Processor Memory: total 852233264, free 491754096, used 360479168
IO Memory: total 852233264, free 491754096, used 360479168


 

9 Replies 9

marce1000
Hall of Fame
Hall of Fame

 

            - FYI https://bst.cloudapps.cisco.com/bugsearch/bug/CSCvw82898

   Advising to upgrade to https://software.cisco.com/download/home/284850400/type/282046477/release/Gibraltar-16.12.12

 M.



-- Each morning when I wake up and look into the mirror I always say ' Why am I so brilliant ? '
    When the mirror will then always repond to me with ' The only thing that exceeds your brilliance is your beauty! '

Marce, thank you!! I'm curious how did you search that bug? The bug tool asks for the bug id which I didn't have. Did you just search part of the tracelog on google?
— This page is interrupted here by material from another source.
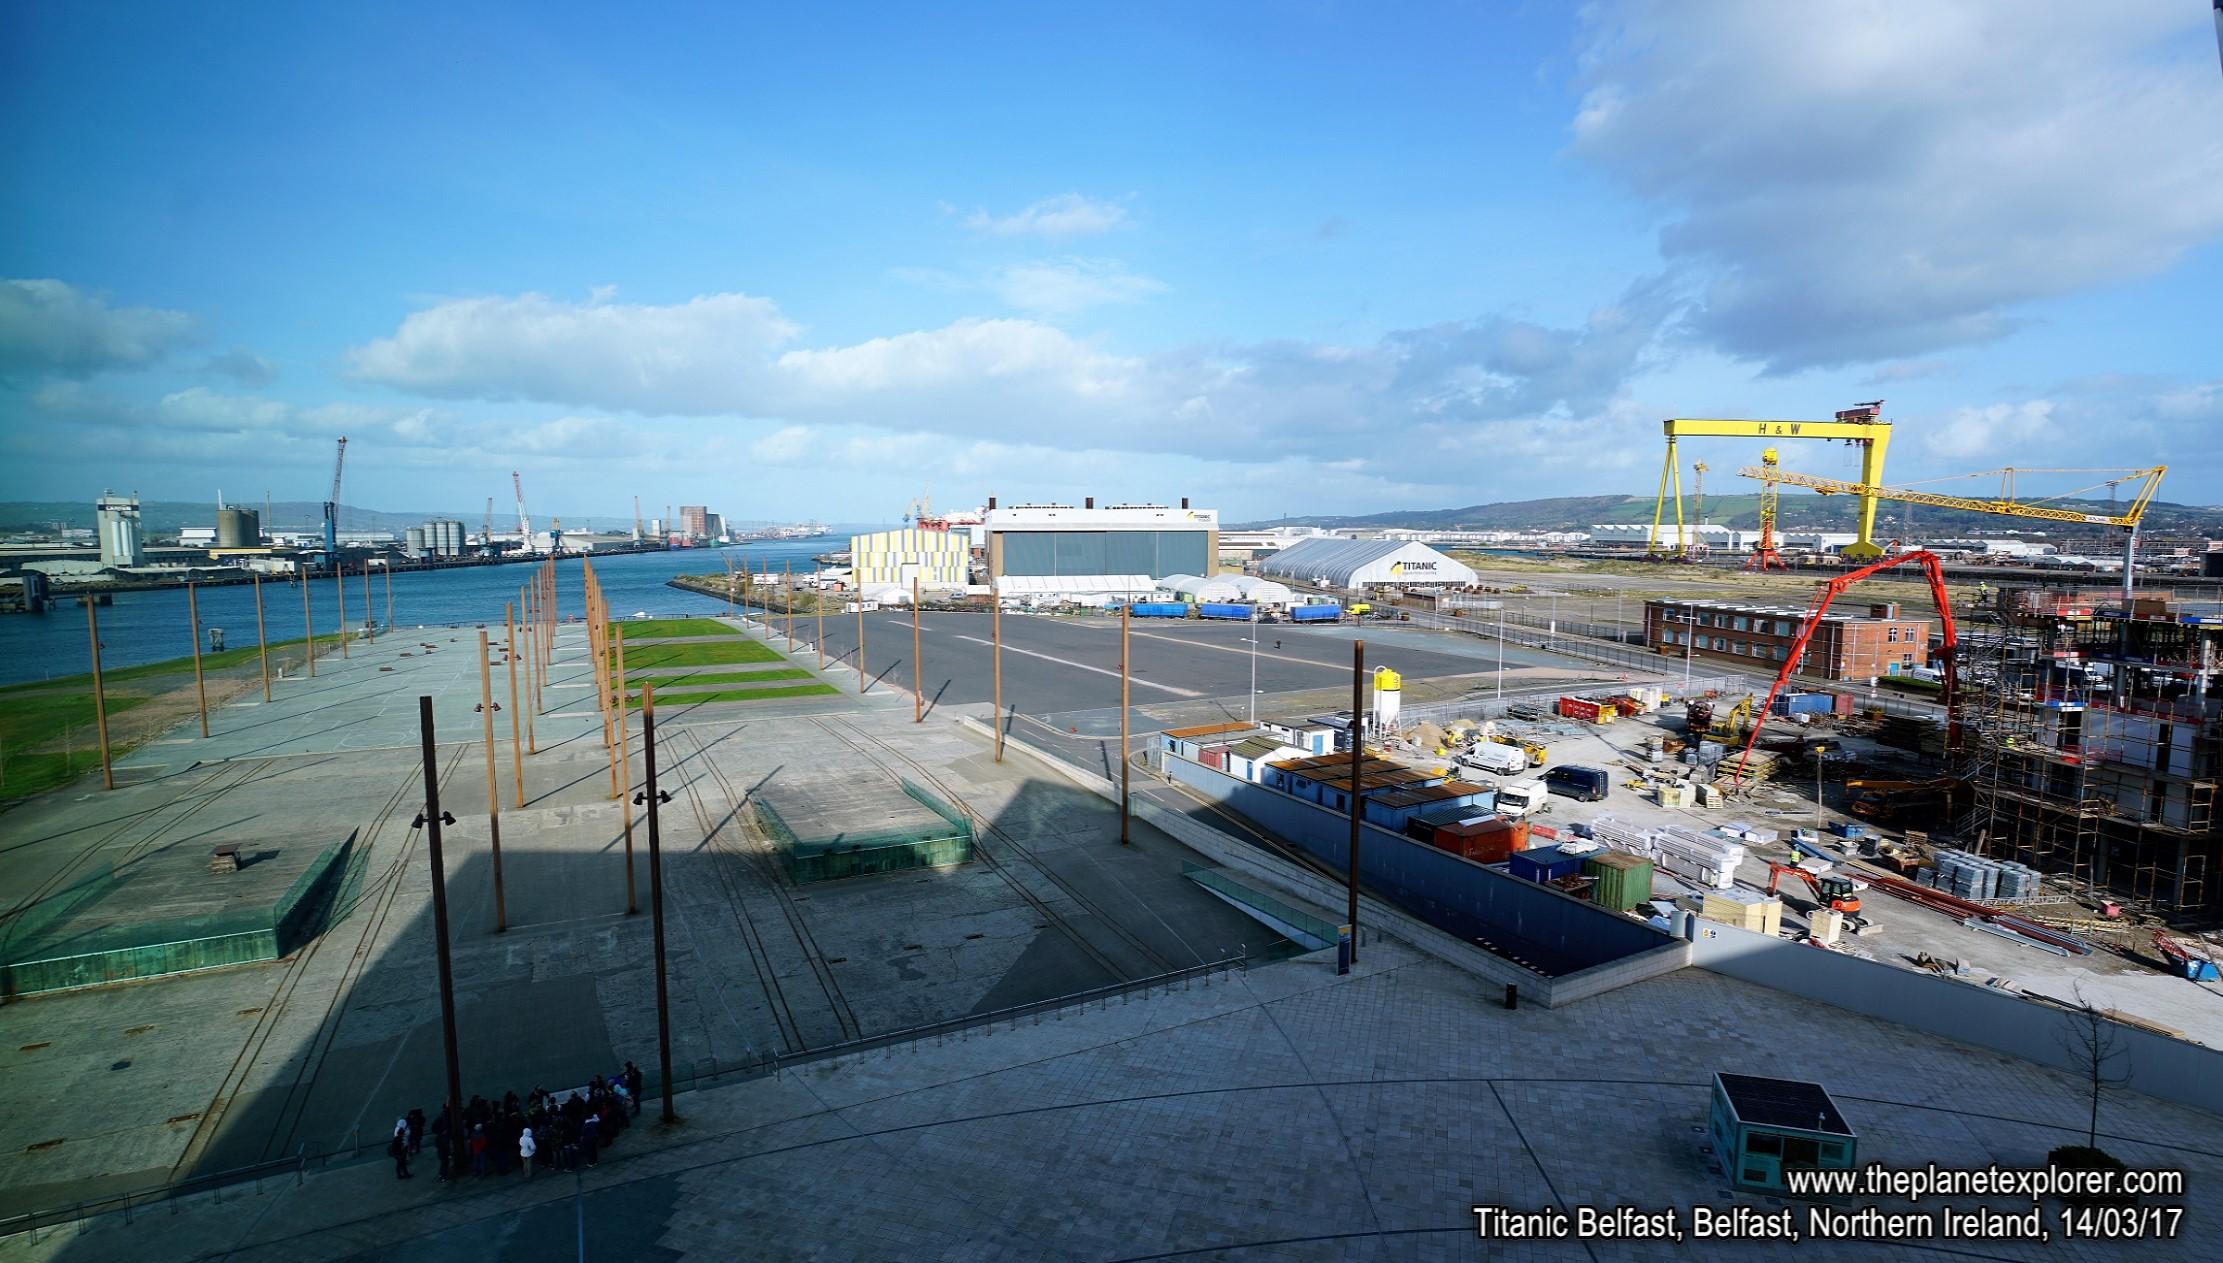 2017-03-14_1510_Northern Ireland_Belfast_Titanic Belfast_DSC08748_s7R2_LR_@www
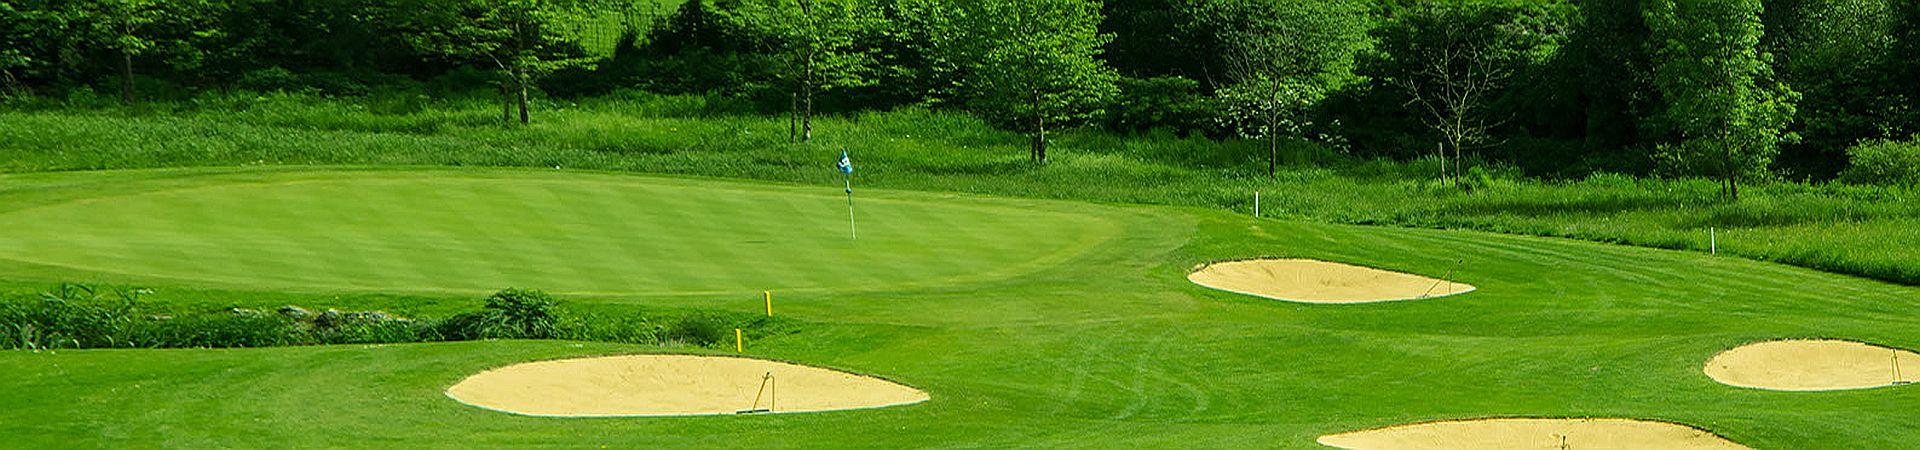 Golfplatz Salzburg Head

I'm trying to educate myself of getting better at looking up these bugs. 

thanks i really appreciate it, P 

 

 @paul amaral wrote :    >...Marce, thank you!! I'm curious how did you search that bug?

  - Normally I always use  Bug Search first but it didn't come up with anything (for : 

UNIX-EXT-SIGNAL: User defined signal 2(17), Process = Spanning Tree

then I searched google on

UNIX-EXT-SIGNAL: User defined signal 2(17), Process = Spanning Tree

 and it still pointed me to the (a) bug report. Bug Search from cisco sometimes has limiting parsing capabilities and then does not give you the info that you need immediately.

 M.



-- Each morning when I wake up and look into the mirror I always say ' Why am I so brilliant ? '
    When the mirror will then always repond to me with ' The only thing that exceeds your brilliance is your beauty! '

thank you!

balaji.bandi
Hall of Fame
Hall of Fame

Upgrade to 16.12.X and check, remove all crash logs from device to make some space.

https://software.cisco.com/download/home/284846032/type/282046477/release/Gibraltar-16.12.12

 

BB

***** Rate All Helpful Responses *****

How to Ask The Cisco Community for Help

Thank you, I believe am hitting bug CSCvw82898. I will be upgrading to a known fixed version.

 

Sure let us know the outcome.

BB

***** Rate All Helpful Responses *****

How to Ask The Cisco Community for Help

Leo Laohoo
Hall of Fame
Hall of Fame

16.9.X with an uptime of >4 years?  What are the chances it was caused by FN72323 - Cisco IOS XE Software: QuoVadis Root CA 2 Decommission Might Affect Smart Licensing, Smart Call Home, and Other Functionality.

Post the complete output to the following commands: 

dir crashinfo-1:/tracelogs
dir crashinfo-1:/tracelogs | exclude gz
dir crashinfo-2:/tracelogs
dir crashinfo-2:/tracelogs | exclude gz
sh logs

Hi, there was never any smart license errors on the logs prior to the crash. The software exception also points to a spanning tree issue/bug. I will be upgrading to a newer version, most likely 16.12.12 which should take care of this SSL issue also.  I appreciate your input.